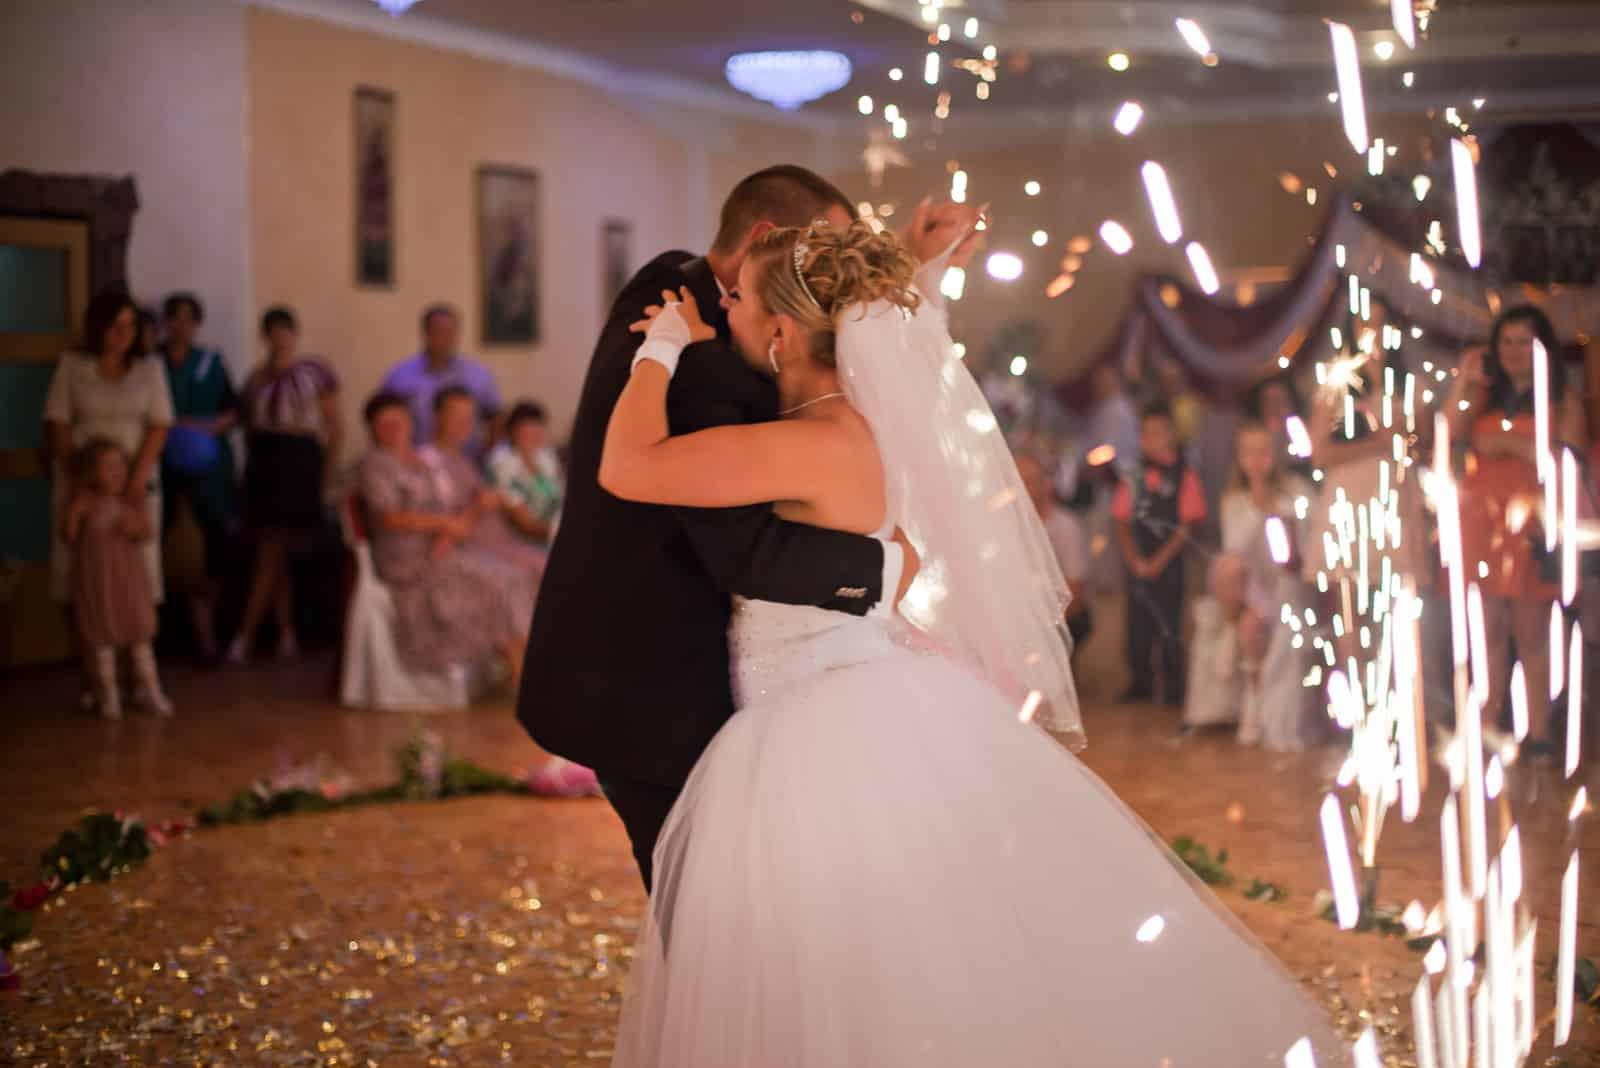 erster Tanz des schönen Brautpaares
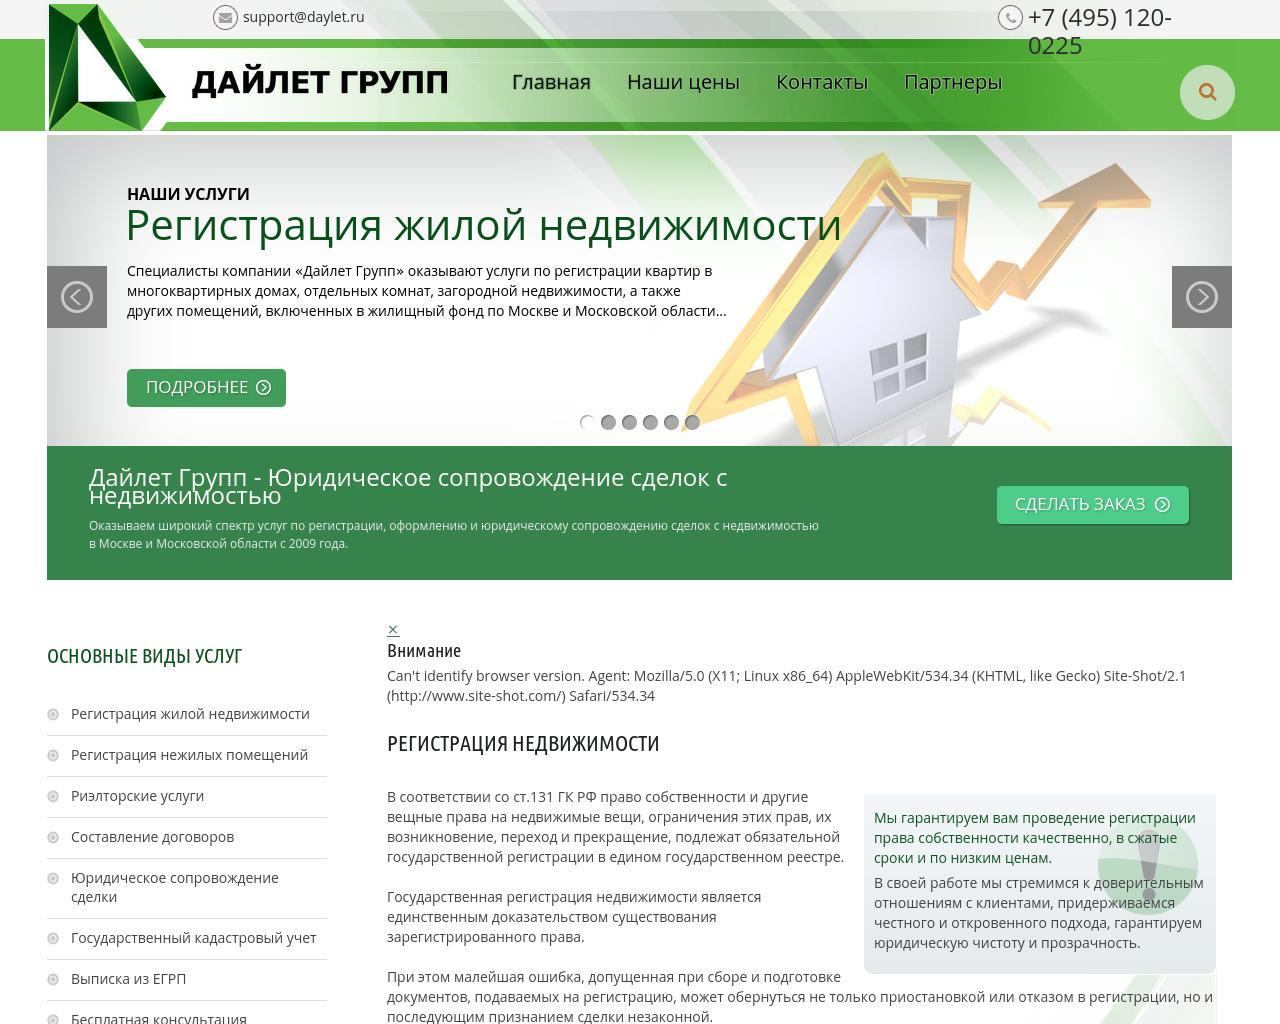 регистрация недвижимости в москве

▬▬▬▬▬▬

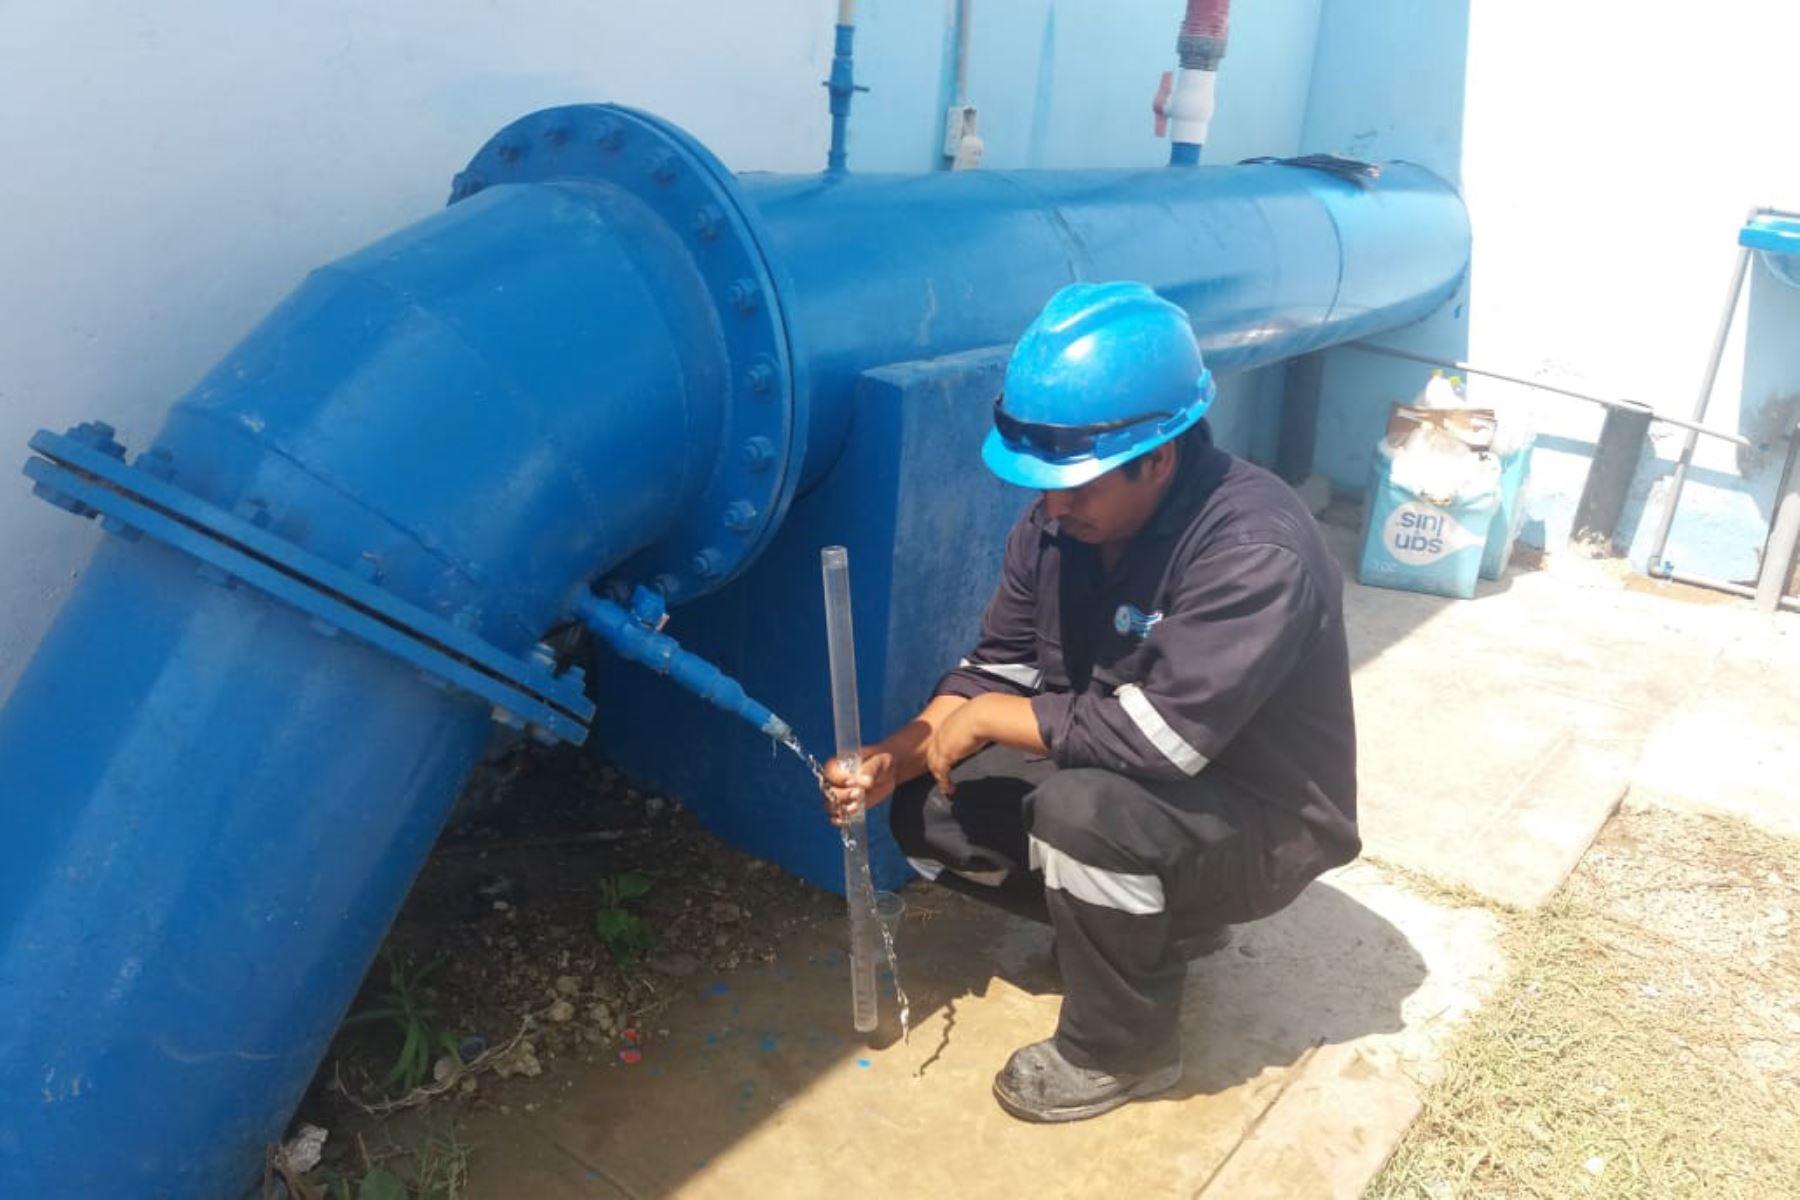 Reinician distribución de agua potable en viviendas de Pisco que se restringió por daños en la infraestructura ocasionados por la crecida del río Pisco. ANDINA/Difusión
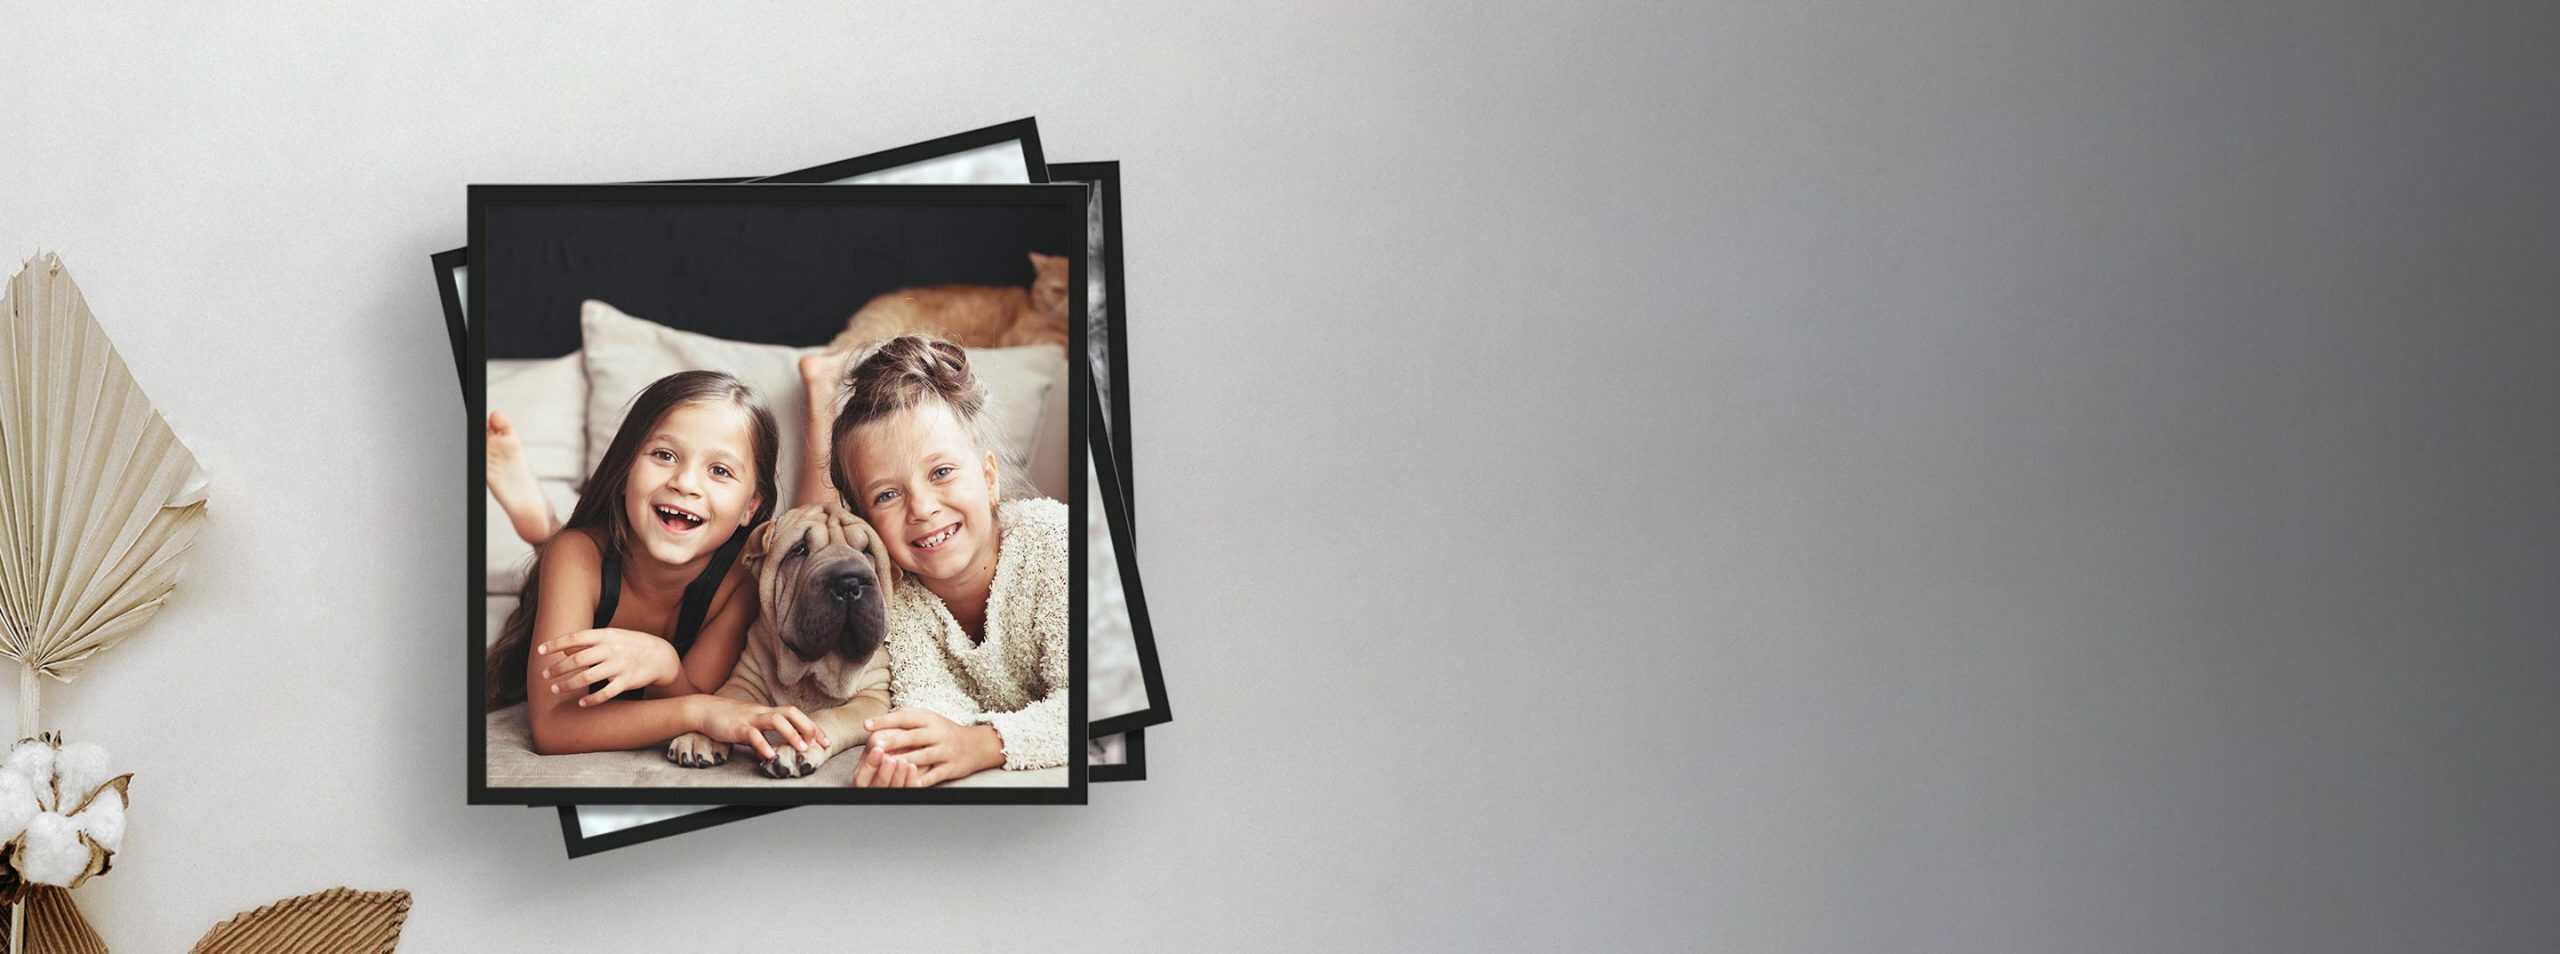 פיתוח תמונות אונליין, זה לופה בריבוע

▬▬▬▬▬▬

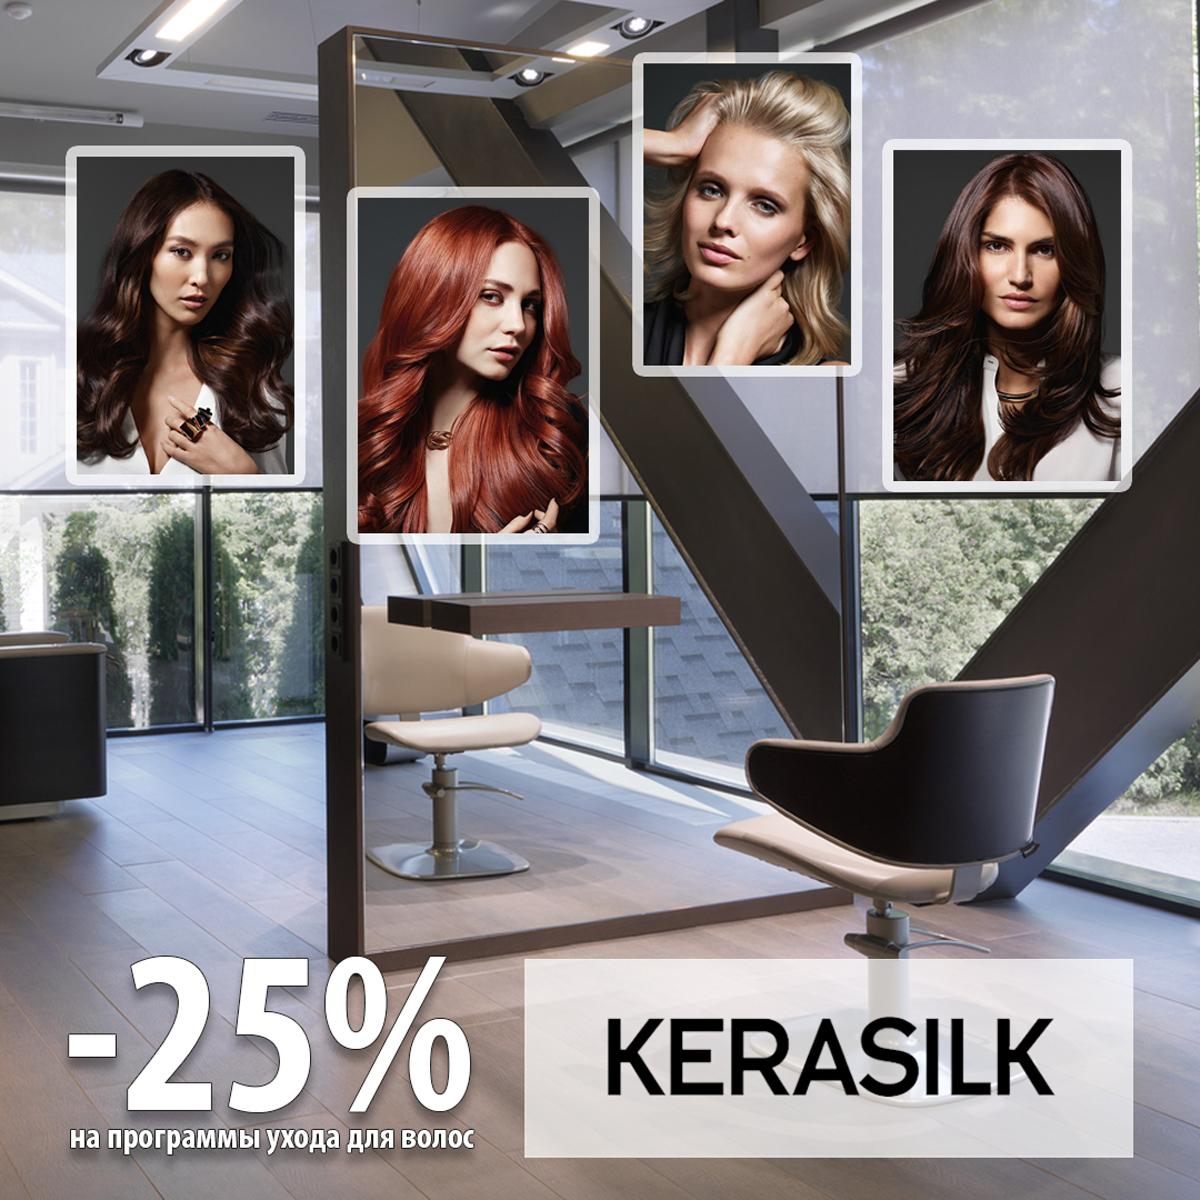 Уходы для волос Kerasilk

▬▬▬▬▬▬

== EXERCISE ==
Within the entries above, the lines from the one containing "erster Tanz des schönen Brautpaares" through the one containing "регистрация недвижимости в москве" are to be transcribed exactly, ends included, pictures excluded.

== RESULT OF THE EXERCISE ==
 erster Tanz des schönen Brautpaares
 регистрация недвижимости в москве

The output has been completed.